I've mentioned this piece before, but here it is again:
Koyunbaba: Suite for Guitar, Op. 19, by Carlo Domeniconi.
Antigoni Goni and Aaron Brock have recorded it, but otherwise I don't suppose it's as well-known as it deserves to be.


----------



## Bach (Jun 2, 2008)

My contribution is - Bruckner Motets. Not particularly well known apart form 'Locus Iste' but absolutely flawless.


----------



## AndersWestberg (Jul 7, 2008)

Evert Taubes "Briggen Bluebird"


----------



## confuoco (Feb 8, 2008)

Bach said:


> Concentrating on beauty more than anything else..

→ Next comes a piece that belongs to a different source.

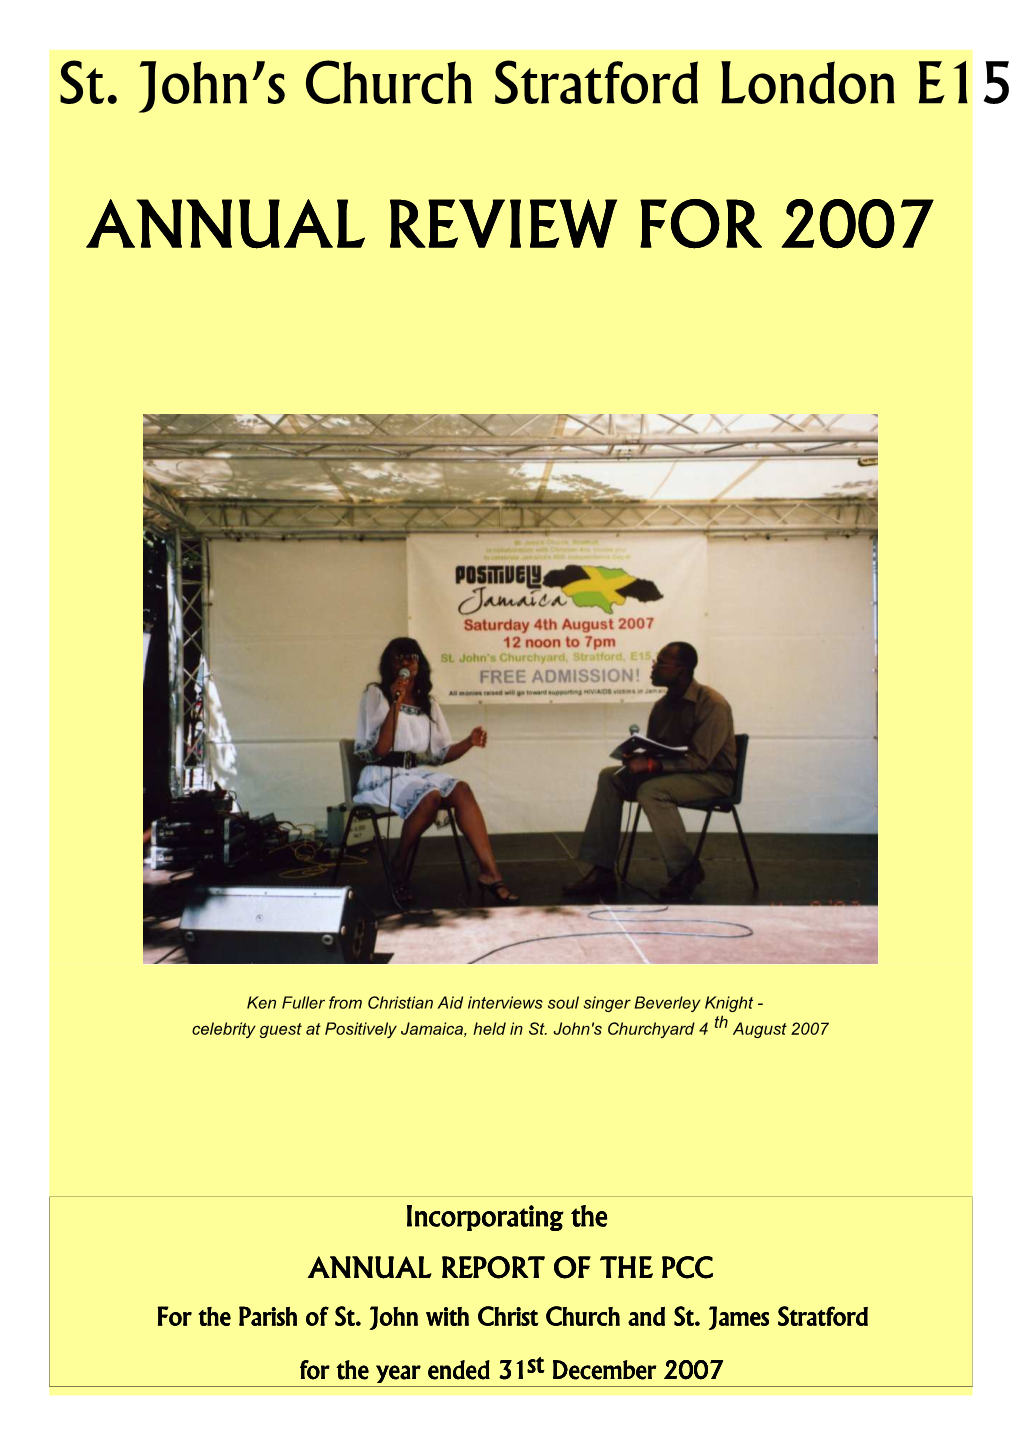 Annual Review for 2007

Probably you know that idea of beauty is subjective...but:

Brahms: Two Clarinet Sonatas, Op. 120
Sibelius: Spring Song (Varsang), Op. 16
Faure: Ballade for piano and orchestra, Op. 19
Faure: Violin Sonata No. 1, Op. 13


----------



## Weston (Jul 11, 2008)

Our classical music station recently played a short string orchestra suite called "Summer Scenes" by Tauno Pylkkänen that is quite beautiful in places. It features Petri Sakari and The Finnish Radio Symphony Orchestra. That's all I know about it - I cannot seem to find a CD of it. It is vaguely soundtrack-like.

I'm not being erudite -- I had to use allmusic.com and amazon.com extensively to get the spellings right!


----------



## YsayeOp.27#6 (Dec 7, 2007)

What about Miaskovsky's violin concerto?


----------



## World Violist (May 31, 2007)

confuoco said:


> Brahms: Two Clarinet Sonatas, Op. 120


As far as I know, those are pretty well-known... or maybe that's just because I play viola...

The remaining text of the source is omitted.